Price ain't bad either, the DOA can be had for around 400$ (our local AnyMountain store had it on sale for 399$). Note, i'm currently using Lobster "The Sender" and my buddy is using the Capita Birds of a Feather (what can I say, he's short - Womens equivalent of the DOA).

I've been able to ride the Sender in all kinds of terrain (even some powder days) but mostly ride on-piste groomers out here in Tahoe area.


----------



## Nizzle (Dec 28, 2017)

Thanks guys! This is super helpful stuff! 


I have narrowd down to two boards within my budget:

Salomon assassin (https://www.salomon.com/us/product/assassin-3.html)
- intermediate level
- all terrain
- camber out rocker
- stiff 

Salomon sleepwalker (https://www.salomon.com/us/product/sleepwalker.html?article=399236#)
- beginner level
- freestyle
- camber out rocker
- very soft

I rarely hit the park, but I do like going off piste right next the the piste. I like getting a little hang time, so small jumps and butter.. flat ground tricks is my fav. Will I be able to do this with the assassin even though it’s quite stiff?


----------



## jae (Nov 27, 2015)

Nizzle said:


> Thanks guys! This is super helpful stuff!
> 
> 
> I have narrowd down to two boards within my budget:
> ...


just trust me, you want the villian, it's normally cheaper too.. seen some complaints about the assassin recently if you look around. If not the villian then the huck knife. If not the huck, what boards can you chose from?


----------



## Nizzle (Dec 28, 2017)

But the Villain and Huck Knife are mostly for park riding and jibbing, right? I'm more into carving and flatground tricks and a few jumps - that’s why I looked at the assassin?
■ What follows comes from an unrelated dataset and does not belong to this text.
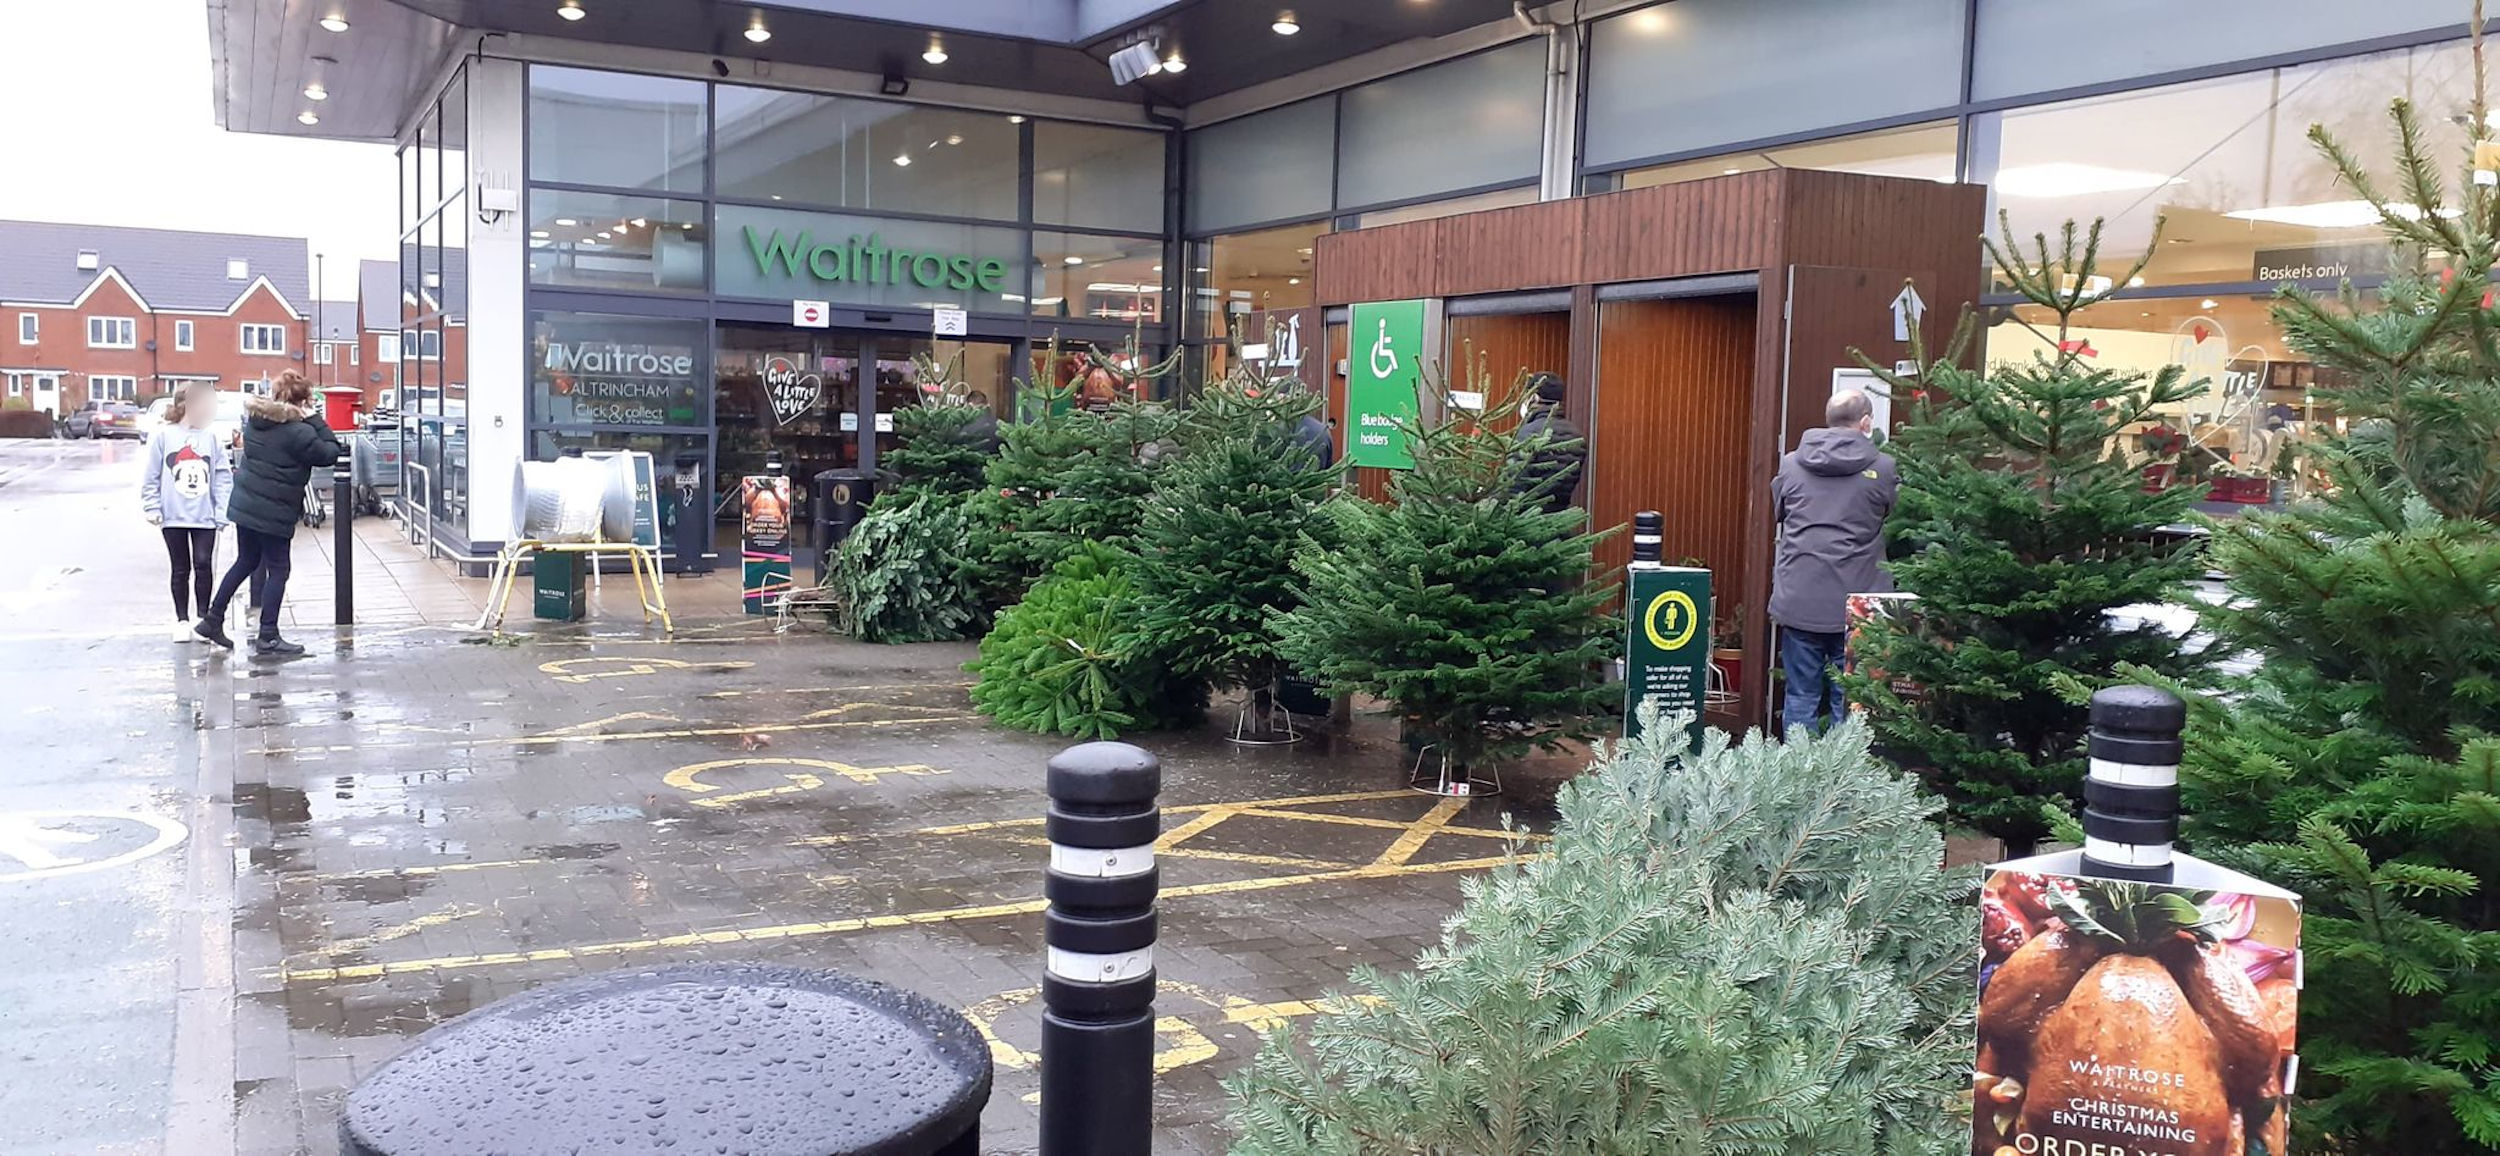 Christmas trees block disabled bays - Consumer News UK

I want to make my own package with board and bindings from this website: www.glisshop.co.uk

Go to Snowboard => Men => Make your Package. Price limit is around 450-500 EURO (you can change the currency in the top of the website)

Available sizes on this site:
Assassin; 160W
The huck Knife: 155W
The Villain: 158W


----------



## Nizzle (Dec 28, 2017)

The bindings I looked at are the Rossignol Battle Black ones..

Keep in mind that I only snowboard for a very limited period every season


----------



## jae (Nov 27, 2015)

Salomon Villain Snowboard Review - Board Archive


----------



## jae (Nov 27, 2015)

some boards you should consider besides the villian would be the rossignol jibsaw, ride machete, burton process off-axis, nitro t1.

bindings: flux TT, Burton Missions, Union force (team, butt snorkler, PBR)

boots: w/e

If you can ride traditional camber, I'd get that Sage apo board and spend the rest of your money on your boots and bindings.


----------



## Jonny C (Mar 16, 2017)

I've been an occasional rider for a few years and I really don't thing either a stiff board or a traditional camber board will be the best choice for you.
Facts:
-if you snowboard a few days per year or season, your legs will endure the first 3 days and then that's it. Using a stiff board, you will spend the next days falling down and having hot chocolate 
-having the previous point in consideration, jibbing on a camber board and if the board is stiff, is not easy.
-for the days you have available per season, you need something not to push your legs but to make it easier.

I would choose a mid flex hybrid board (5/10 or 6/10). This way you will have fun for sure.


----------